We don’t live together—they just stay over at my place occasionally. Is that ok?
As in, “She’s just visiting for the weekend”; “He was in town for an event and needed a place to stay”; “We’re not even sleeping in the same room,” etc. 

Same idea as earlier: You’re not avoiding “the appearance of evil.” And once again, you’re unnecessarily setting yourself up for temptation. You may not do anything sinful, but your freedom may cause others to stumble (1 Cor 8:9). If she does need a place to stay, get her a hotel room, or give her your house for the weekend while you stay with your buddies, etc. No matter which way you spin it, it’s just not a good idea, so don’t look for loopholes.

God Redeems
If you are living together, you’re not doomed—not by a long shot! God’s love isn’t dependent on your actions or behavior. A new path of purity can begin today, despite our past. As Paul encourages us, "It is God’s will that you should be sanctified: that you should avoid sexual immorality; that each of you should learn to control your own body in a way that is holy and honorable, not in passionate lust…” 1 Thessalonians 4:3-5

God wants what’s best for you.
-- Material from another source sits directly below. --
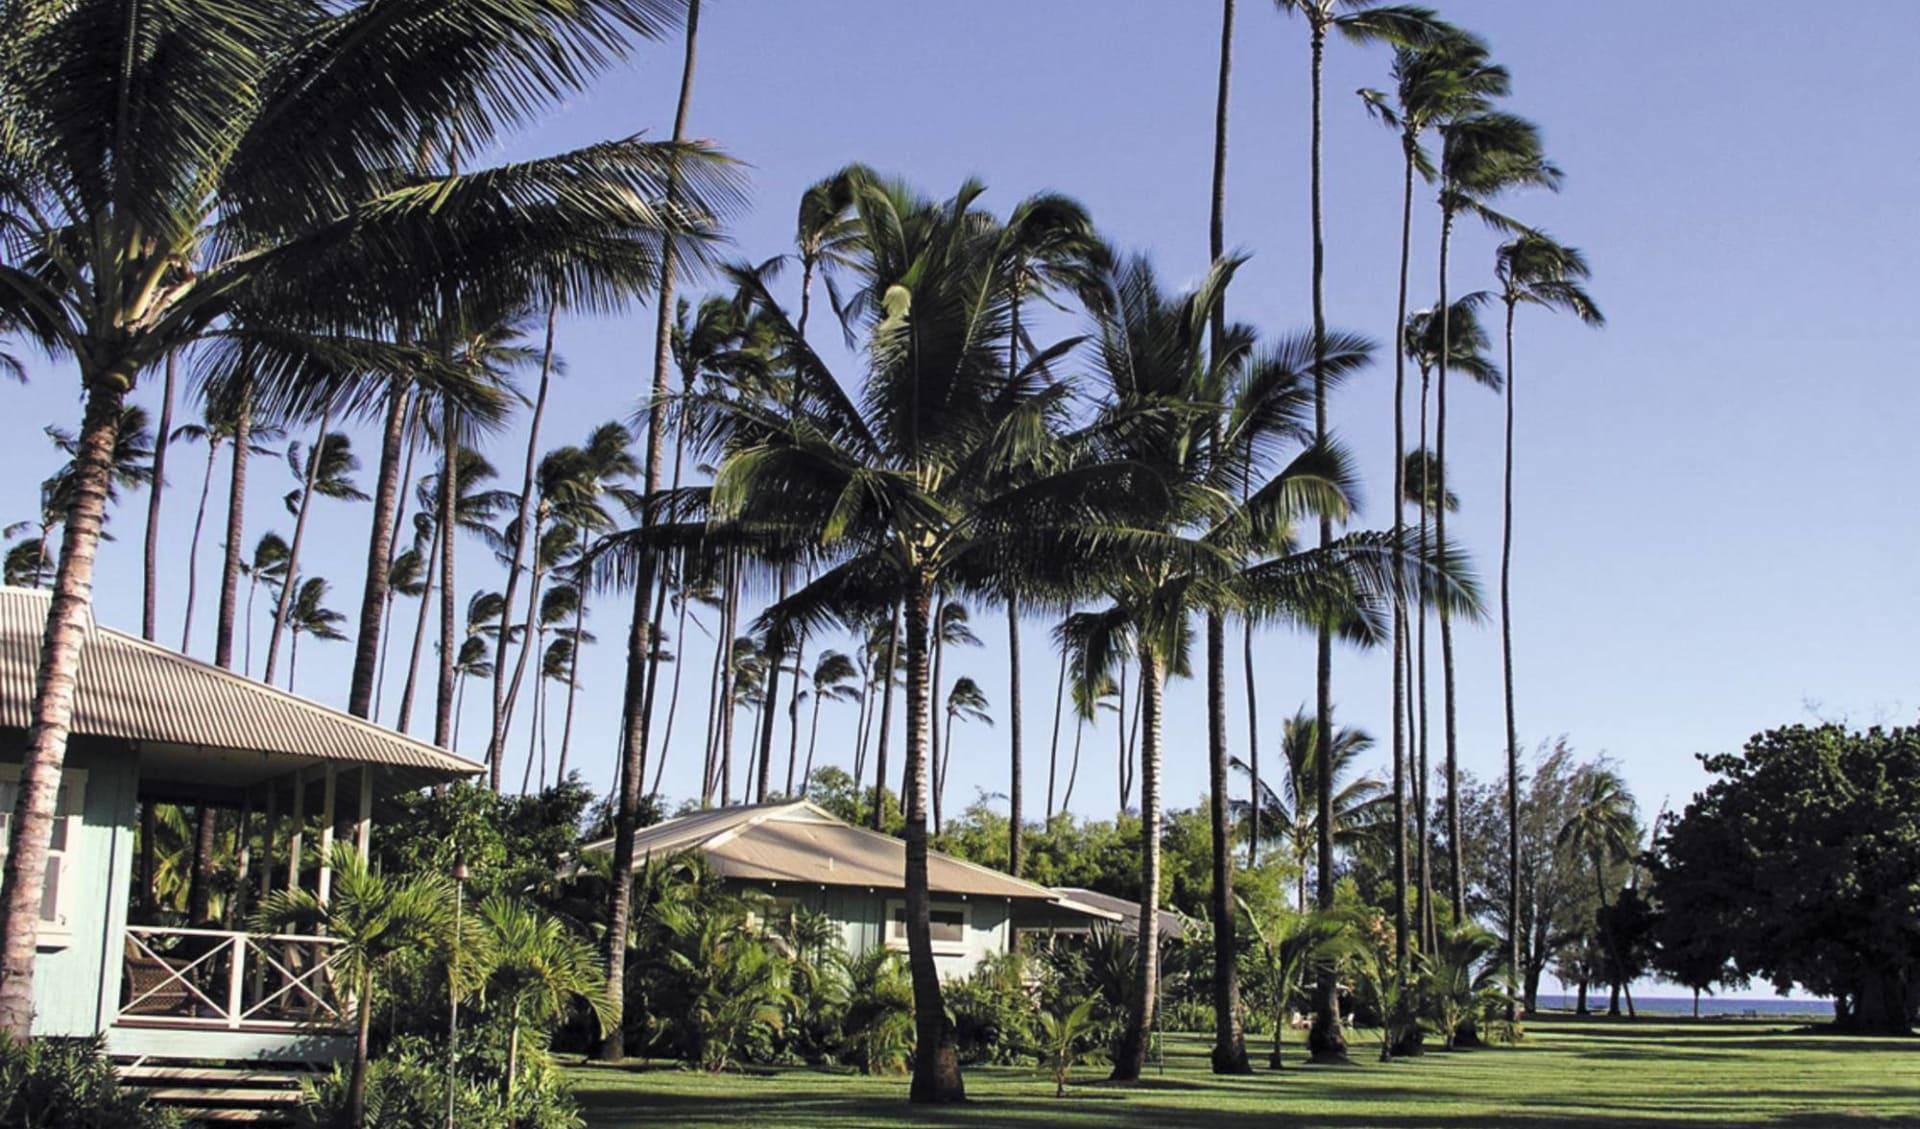 Waimea Plantation Cottages in Waimea - Kauai: exterior waimea plantation cottages garten

If you really can’t afford two separate rents or you don’t know anyone else you could live with, that is a great opportunity for the local church to help. Reach out to me, and we can find ways to help!

God is brilliant and desires good for us. His commands are not only really wise—they are really really loving. Like I said earlier, I know this is a sensitive subject for many, so my prayer is you would honestly think through these questions and provide an alternative to what culture would say is “no big deal.”